I was able to attend a brunch for Compassion sponsors Saturday and met a former sponsored child. He is working on his MBA and has a job in research at Johns Hopkins University. It was inspiring to see what God has done in his life through a Compassion sponsor. I had thought a lot about being an advocate for Compassion , and God confirmed it Saturday. I didnot say a lot to Brian but he felt the same way I did, and took the initiative to speak to someone about it. Even though it did not have the response we thought it would, we still felt and saw God working. It is a positive thing when someone else, especially your husband , feels that God is speaking the same thing to him as what I felt God was speaking to me.

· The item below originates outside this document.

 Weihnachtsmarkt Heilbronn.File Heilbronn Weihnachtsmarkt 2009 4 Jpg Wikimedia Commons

In other words we agreed on something.. will miracles never cease. :) I know God placed this desire , and compassion in my heart for a reason.. He does not expect me to just sit around and do nothing, or bemoan the state of the things.. He calls us to take an active part and make the world a better place to the glory of His name. Selah.

Wednesday, March 3, 2010

Hope Floats

I remember a Sandra Bullock movie that came out in the 90's with the title Hope Floats. I watched the movie and it was a good though very sad movie . For many years after I watched it though, I didn't understand the movie's title. After having experienced some of what life has to offer, I am starting to understand it.

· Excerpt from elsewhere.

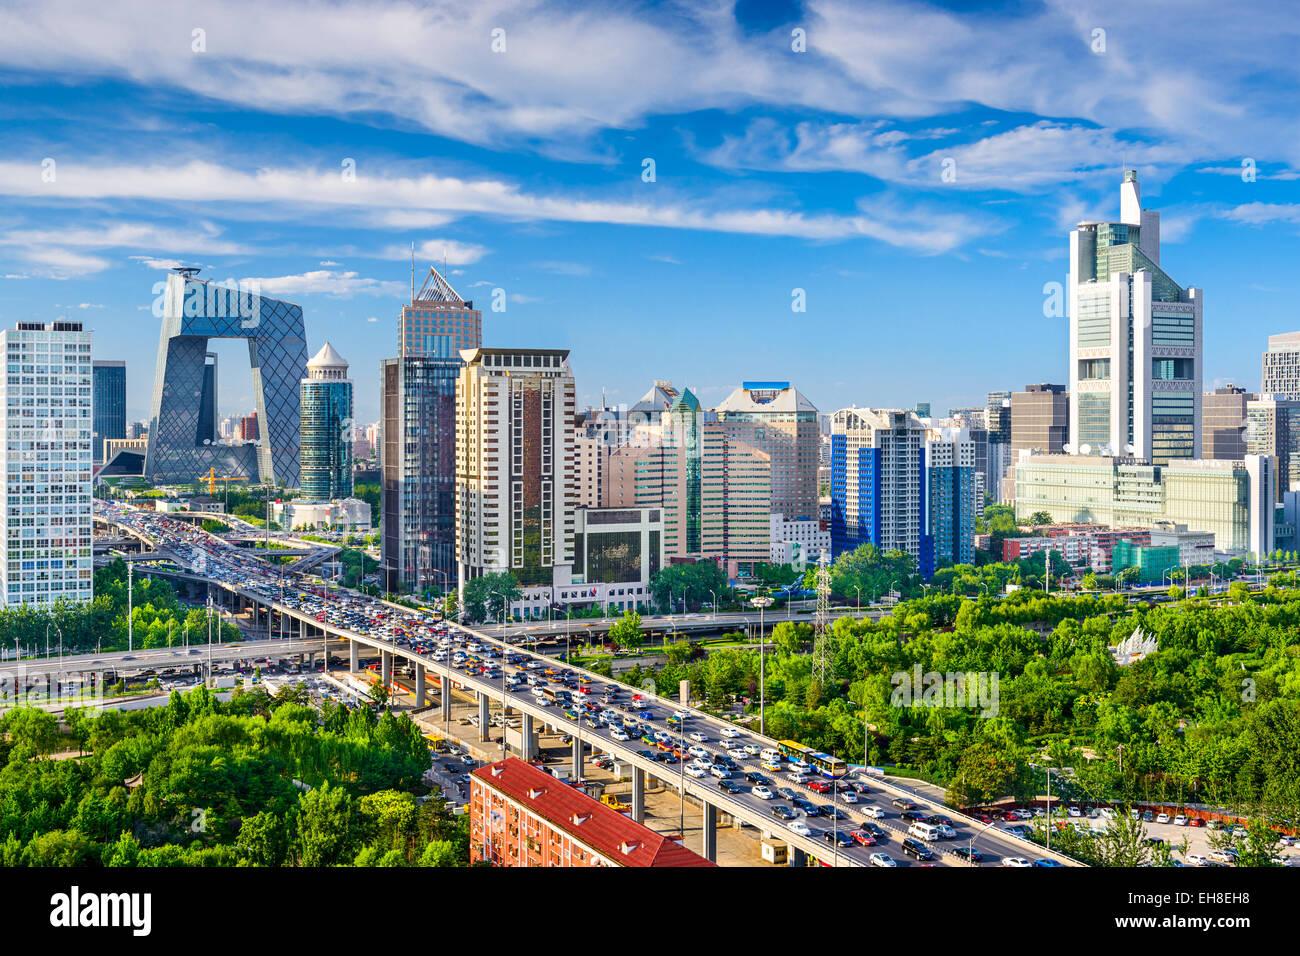 Beijing, China cityscape at the CBD. Stock Photo

Oftentimes I become frustrated with my circumstances, and my seeming inability to change them or even my role in them. I generally become discouraged, angry, sullen, and even withdrawn. Depression seems like my closest friend during these periods. Yet when I am so low that it seems like nothing will ever change or become better, it does. Usually its just a tiny insignificant thing which occurs, but it in some way or another is an answer to prayer. A gift, an encouraging word, a smile, a hug, an evening with a special friend, it always comes when I need it the most.

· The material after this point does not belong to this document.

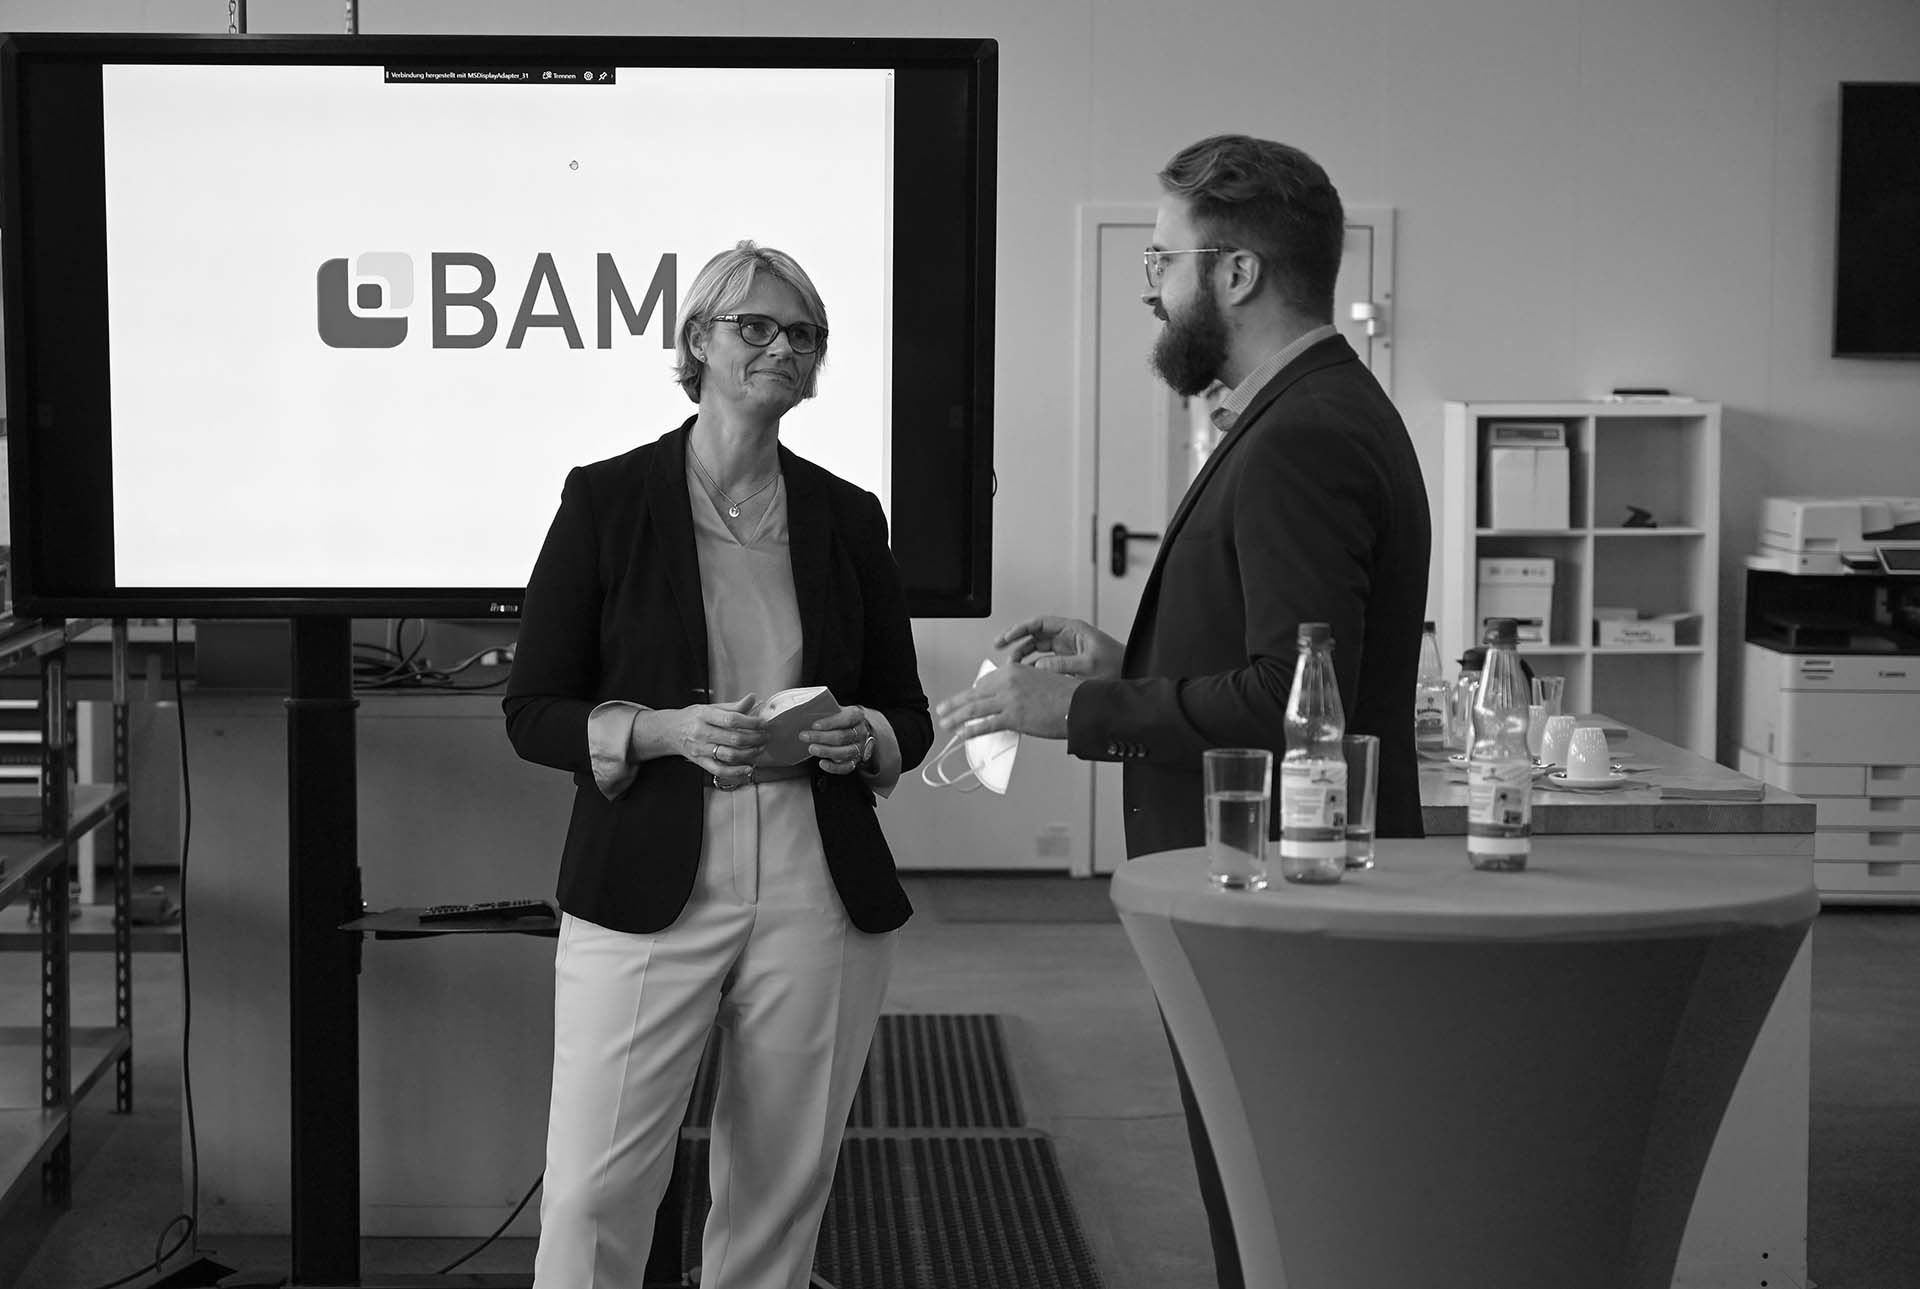 Bundesministerin-Anja-Karliczek-zu-Besuch-bei-BAM.jpg

I cannot count the times when I would cry out to God in deep grief saying that no one cares about me. It would be then that my phone would ring , my best friend who lives out of state would be calling me. Or one time I actually wrote in my journal that even though I knew God loved me , I couldn't feel His Love. I was in a coffee shop and a perfect stranger who was passing by stopped, looked at me and said, "God wants me to tell you that He loves you. " She then sat down and talked to me for about 30 minutes. I still cry when I think of it. He finds so many wonderful , creative ways to show His love to His children.
And I guess maybe that is why, everytime my spirit sinks down inside of me, it still manages to somehow find its way back to the surface. Find its way back to living, dreaming, loving, creating, and forgiving. Hope floats.